Paul Strack Feb 04, 2017 (19:14)

+Severin Zahler I corrected the errors you noted above. As before, I don't want to spend the day it requires to do a full Eldamo build, so I put the updated data file in a temporary location in github:

github.com - eldamo

Severin Zahler Feb 06, 2017 (16:40)

Skimming through the csv files I exported manually now, verifying that I exported the data correctly and did not miss any excpetions.

The following suspicious entries I found while doing so:
- PE17/157.9999 (word position 99?). There's also a lot of words with very high line numbers (99 and close to that), although I think that may be possible, it just seems to be supicious that the highest line number just happens to be 99 and not hundred-something...
I could easily make you a list of all sources, sorted by line number if you want to.
- PE17/113.4296 (similar as above)
- LR/152.3692
- PE19/093.2562
- WJ/140.3350

Beside those all entries with the layout source/page.line.word have a word position of 23 or lower.

- Ety/MIL-IK.025-22 (the end should most likely read "-2")
- PE17/048.41089 The fifth digit "9" is very exotic, all other entries who have such a fifth digit have it being 6 or lower, none with 7 or 8.

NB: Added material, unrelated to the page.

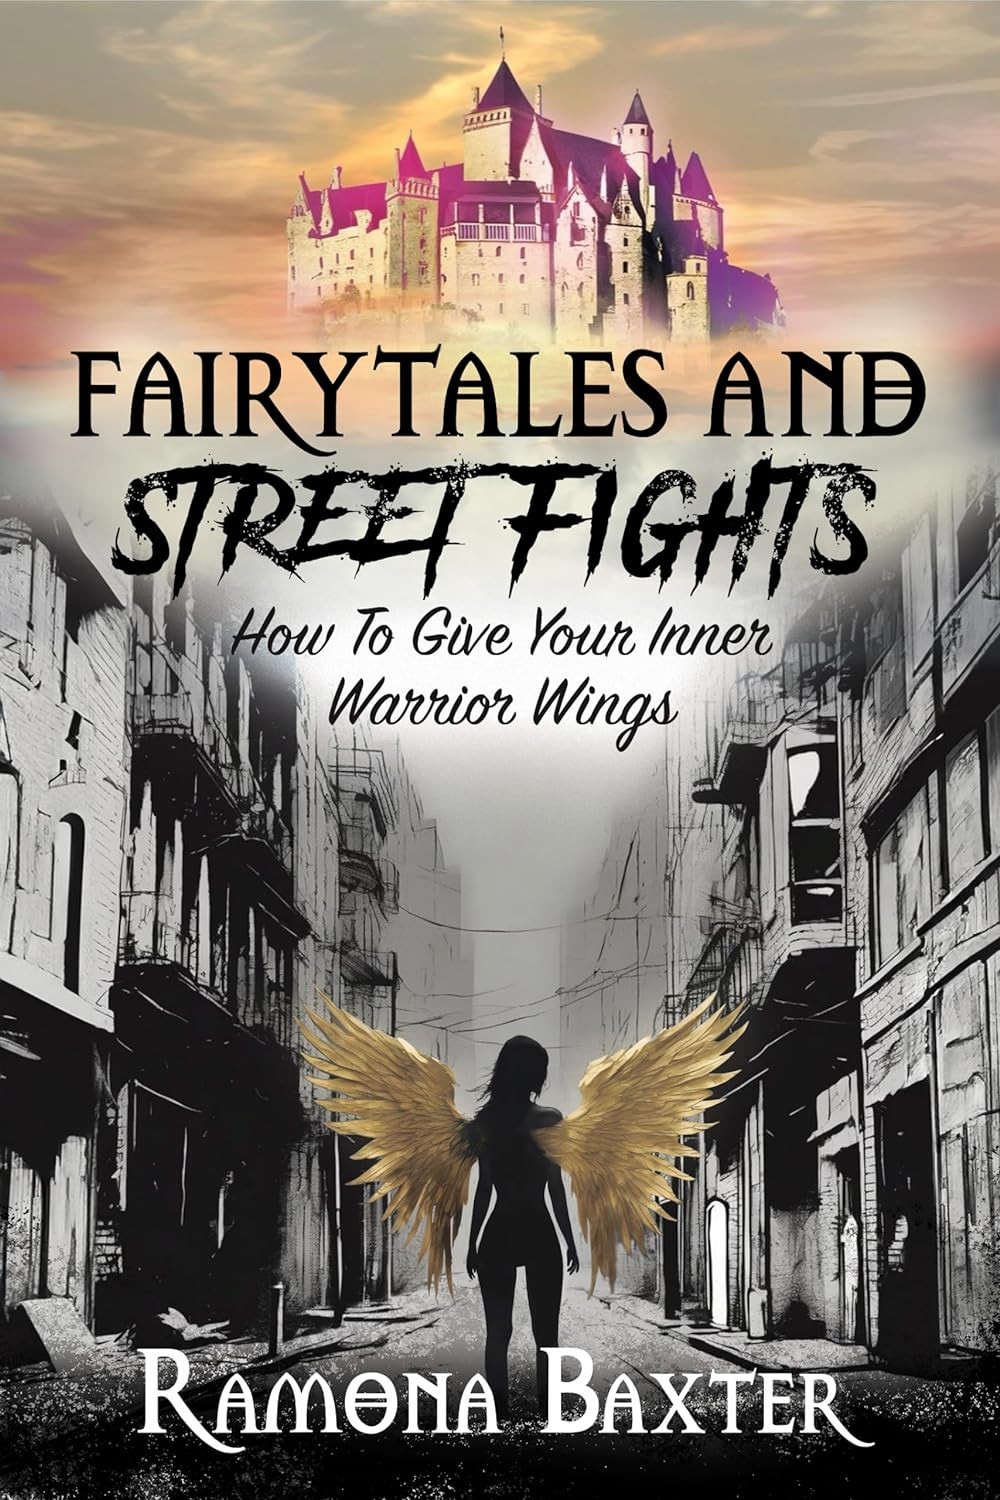 Fairytales and Street Fights

Note that this way I can only look out for extreme values, if there's typos which produced a result within a reasonable range I have no way of finding them. If you have some criteria that may identify a common type of typo I can gladly skim the data with my program for that!

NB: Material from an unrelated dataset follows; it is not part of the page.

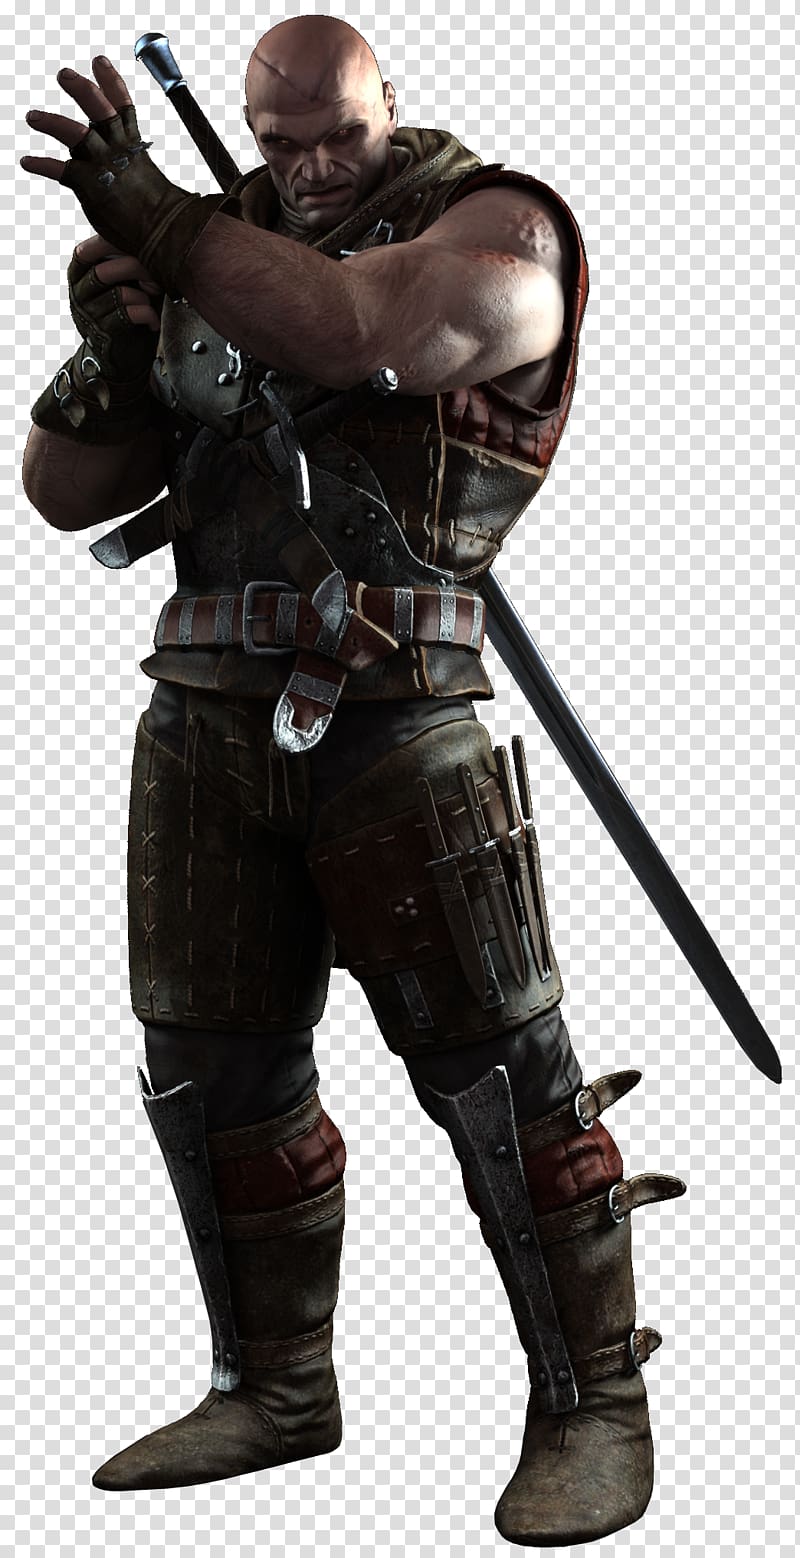 The Witcher 2: Assassins of Kings The Witcher 3: Wild Hunt Geralt of Rivia Video game, the witcher transparent background PNG clipart

If the gloss is preceded by a "*", i.e. gloss="*be", what exactly does that mean? Asking as I want to rearrange that and turn it into a separated mark, so that the word is easier to query for. Similar for "?" in front of glosses.

Furthermore on the topic of glosses: I'm a bit unsure of whether there's any intended consistency in the use of the various brackets, (), [] and {} that are in use in glosses.

The following glosses seem particularily suspicious:
- page-id 722395161: the gloss has a space at the front (gloss=" the stop on a flute")
- GL/48.7501-2: gloss="*"
- VT42/17.2812-1: gloss="XXbefore" (can't write this as it reads it as formatting, the two XX represent two asterisks)
- WJ/319.0309 gloss="a fixed idea, ..., will" (the three dots appeared as separate word in my export)
- EtyAC/KHIS.018, gloss=""




Paul Strack Feb 07, 2017 (03:02)

The GL and QL can have up to 99 lines (or more), but the rest of those are suspicious and probably typos.

For marks on glosses, they modify the gloss rather than the word. For example "*be" means that, while the word is attested, its gloss is not but can be reasonably deduced.

For example, Tolkien wrote several Catholic prayers in Quenya, but did not directly translate them. We can still deduce what the glosses are, however, if we assume the Quenya prayer has the same meaning as the original.

"?" in the gloss is more speculative, possibly a nearly illegible gloss.